Alors que la prostitution est considérée comme étant le « plus vieux métier du
monde », ses conditions évoluent à partir du XIXème siècle avec de nouvelles règles
concernant les prostituées qui sont désormais soumises à des examens médicaux contre leur
gré. Le XIXème siècle en Angleterre et en Europe est sujet à divers mouvements de
soulèvement, qu’ils viennent des classes populaires ou des élites. C’est le cas du mouvement
abolitionniste. Si on prend le terme dans sa globalité, l'abolitionnisme est un courant de
pensée qui émerge à la fin du XVIIIème siècle en Europe. Il désigne de prime abord la lutte
pour la suppression de l’esclavage. Au cours du XIXème siècle, la portée de ce terme s’est
étendue et on lui attribue ainsi la définition suivante : « mouvement visant à lutter pour la
suppression d’une tradition, d’une institution ou d’une loi ». Appliqué dans le domaine de la
prostitution, le terme « abolitionnisme » indique la lutte contre l’exploitation sexuelle et
contre le système prostituteur. Né en Grande-Bretagne, à la fin du XIXe siècle le mouvement
ne milite, au départ, pas réellement pour l’interdiction de la prostitution mais pour la
suppression du modèle de réglementation. La pionnière de ce mouvement est Joséphine
Butler. Elle naît en 1828 en Angleterre, dans une famille bourgeoise protestante. Alors
qu’elle a baigné toute son enfance dans des valeurs morales précises et avec l’idée que
l’engagement était nécessaire, elle se lance dans une lutte pour l’abolition de la
réglementation dans la prostitution. Le théâtre de son combat est l’Angleterre et, dans un
second temps l’Europe de l’Ouest. Toute la deuxième moitié du XIXème siècle, elle va livrer
une lutte acharnée contre l’Etat et les instances qui veulent réguler la prostitution et
supprimer les seules libertés qu’ont les prostituées. Ainsi, nous nous demanderons dans
quelle mesure Josephine Butler s’empare de son contexte personnel pour devenir une figure
de la lutte féministe et abolitionniste en Angleterre au XIXème siècle ? Dans un premier
temps, nous verrons les essences qui l’ont influencé et formaté sa pensée ; nous étudierons
ensuite la mise en place de l’abolitionnisme par Butler et ses effets. Enfin, dans un troisième
temps, nous soulignerons à quel point son engagement se joue dans plusieurs domaines.

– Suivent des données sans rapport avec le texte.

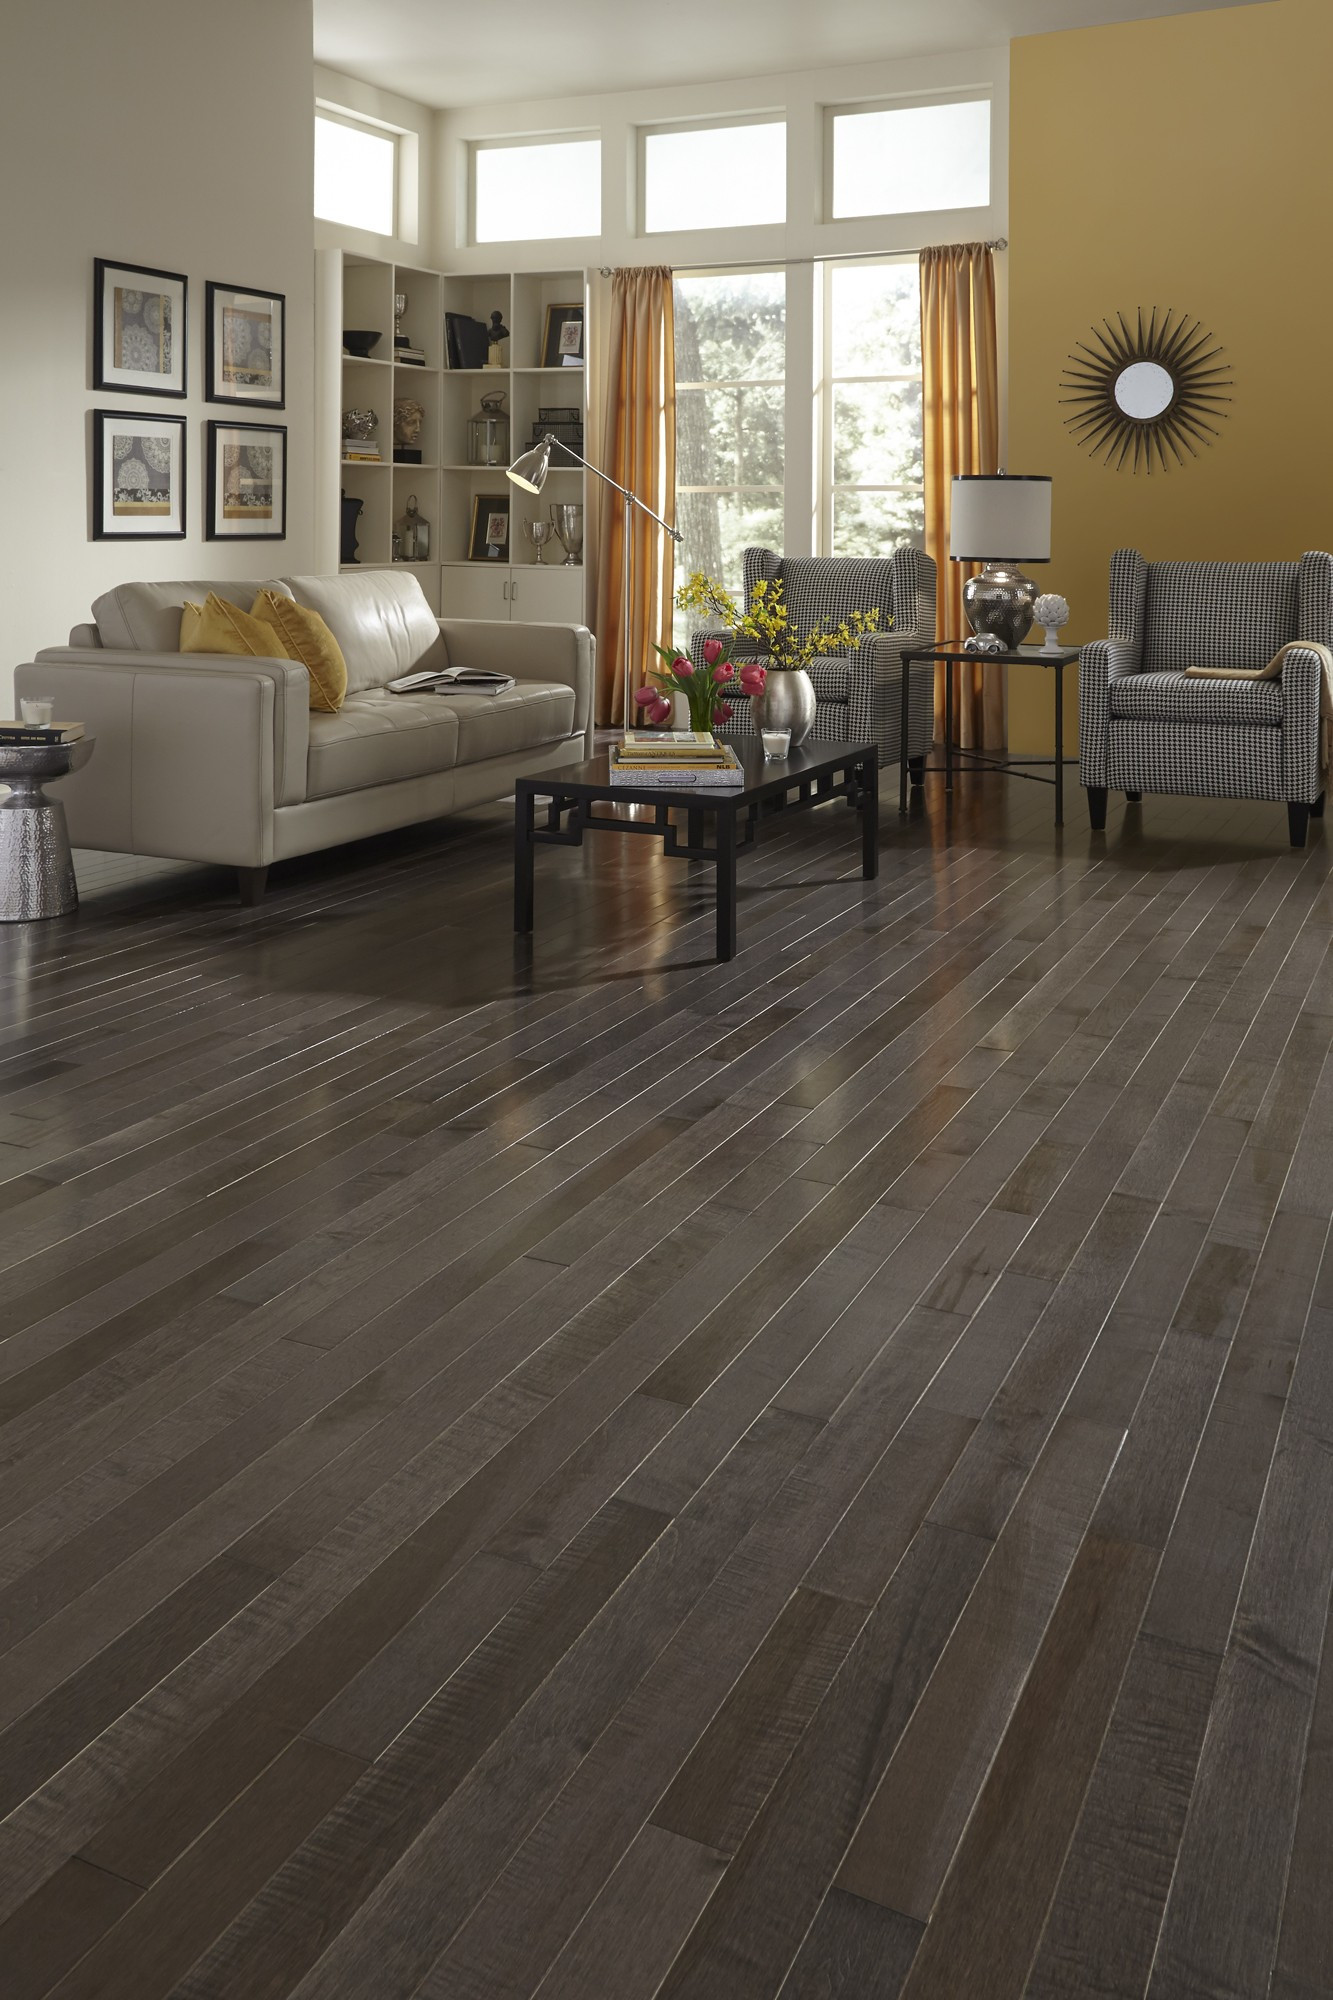 17 Recommended Professional Hardwood Floor Cleaning Cost 2024 free download professional hardwood floor cleaning cost of 15 elegant how much is hardwood flooring pics dizpos com pertaining to how much is hardwood flooring awesome august s top floors social gallery o

Josephine Butler grandit dans un environnement très politisé. Son père, John Grey,
était un homme engagé dans les domaines politique et social de son époque. Dans les
années 1830, il combat la réforme du droit de vote. Il participe également au débat contre
les Lois sur le blé. Enfin, sa plus grande lutte était celle contre l’esclavagisme. En effet, à la fin
du XVIIIème siècle et au début du XIXème siècle en Angleterre, les débats tournent autour
de la question de l’abolition de l’esclavage dans les colonies britanniques. John Grey, ainsi
que son cousin, Charles Grey, alors premier ministre, ont été deux acteurs phares de ce
combat abolitionniste. C’est à l’initiative de Charles Grey qu’en 1833 la Chambre des
Communes vote la loi d’émancipation abolissant l’esclavage dans toutes les colonies
britanniques. Ainsi, durant sa jeunesse, Josephine Butler assistait aux débats menés par son
père, à ses conférences. Avec le phénomène de « socialisation primaire », ce sont des
valeurs qui lui ont été inculquées et pour lesquelles elle va se battre toute sa vie. Sa mère,
Hannah Annett est également très engagée. Même si les femmes n’ont toujours pas ou peu
de place dans la vie politique au XIXème siècle, elle soutient les idées de son mari et ne reste
pas isolée dans la sphère privée. Une de ses tantes, Marguerite Grey, prône toute sa vie
l’idée que les femmes ne doivent pas être entourées de limites dans la société. Cette femme
de caractère va jusqu’à se déguiser en homme pour pouvoir assister à des séances du
Parlement alors interdites aux femmes.
Elle rencontre Georges Butler en 1849 avec qui elle se marie en 1852. Il est révérend ; ainsi
ils ont en commun leur foi évangélique avec la religion qui fait partie intégrante de leur vie.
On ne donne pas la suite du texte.